§ **Work to complete**
Look through the data below. Collect every line where the word "with" occurs.

§ **Available records**
- - - - - - -
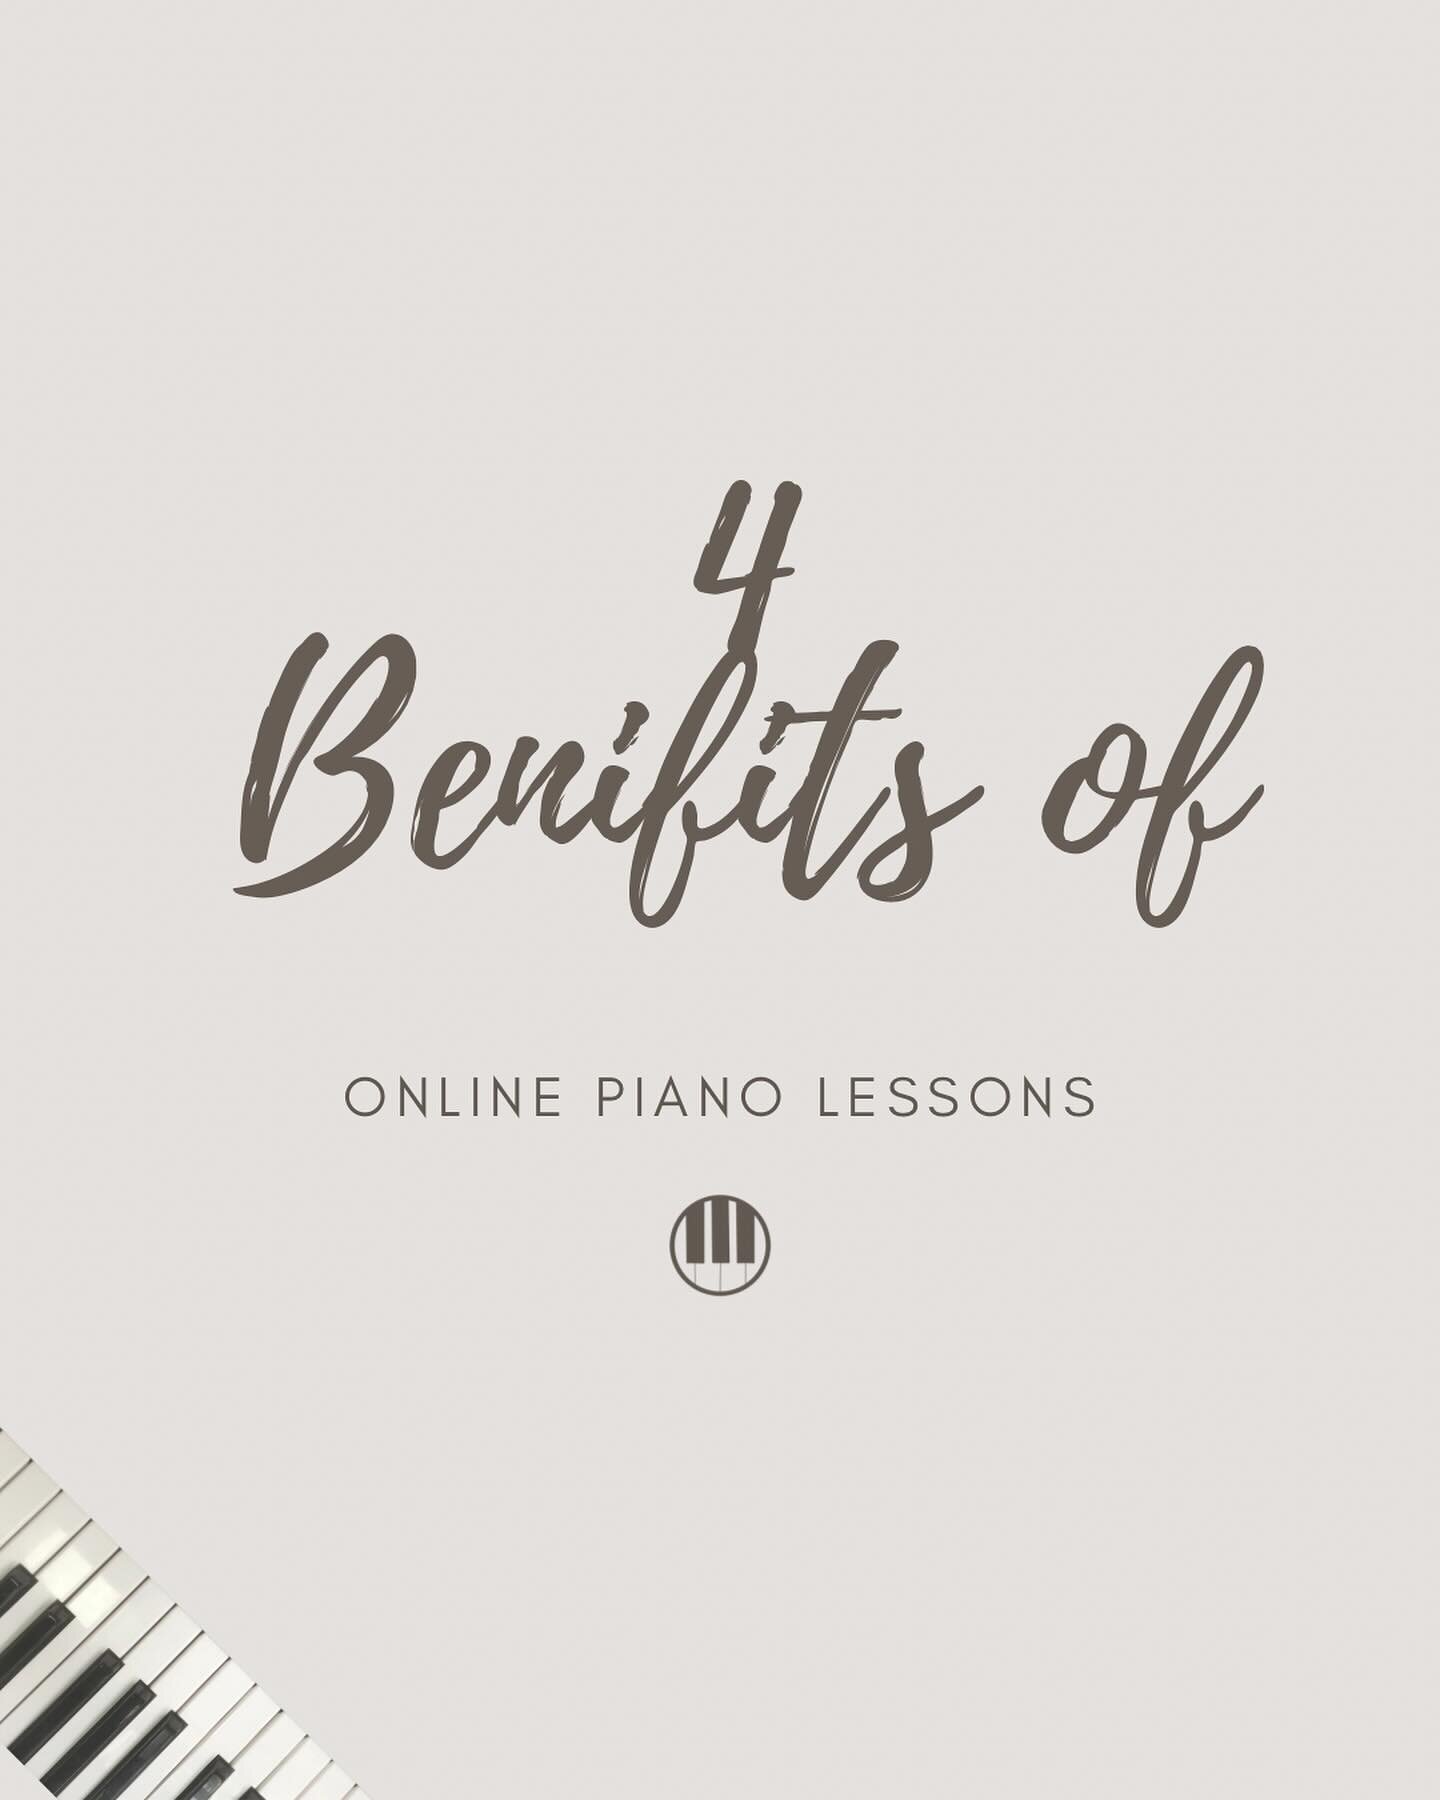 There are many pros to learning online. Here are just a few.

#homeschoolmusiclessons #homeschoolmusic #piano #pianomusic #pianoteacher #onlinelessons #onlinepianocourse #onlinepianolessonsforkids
- - - - - - -
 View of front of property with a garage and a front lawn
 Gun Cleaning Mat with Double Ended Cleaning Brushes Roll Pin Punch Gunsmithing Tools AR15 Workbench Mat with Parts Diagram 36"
- - - - - - -
§ **Task solution**
 View of front of property with a garage and a front lawn
 Gun Cleaning Mat with Double Ended Cleaning Brushes Roll Pin Punch Gunsmithing Tools AR15 Workbench Mat with Parts Diagram 36"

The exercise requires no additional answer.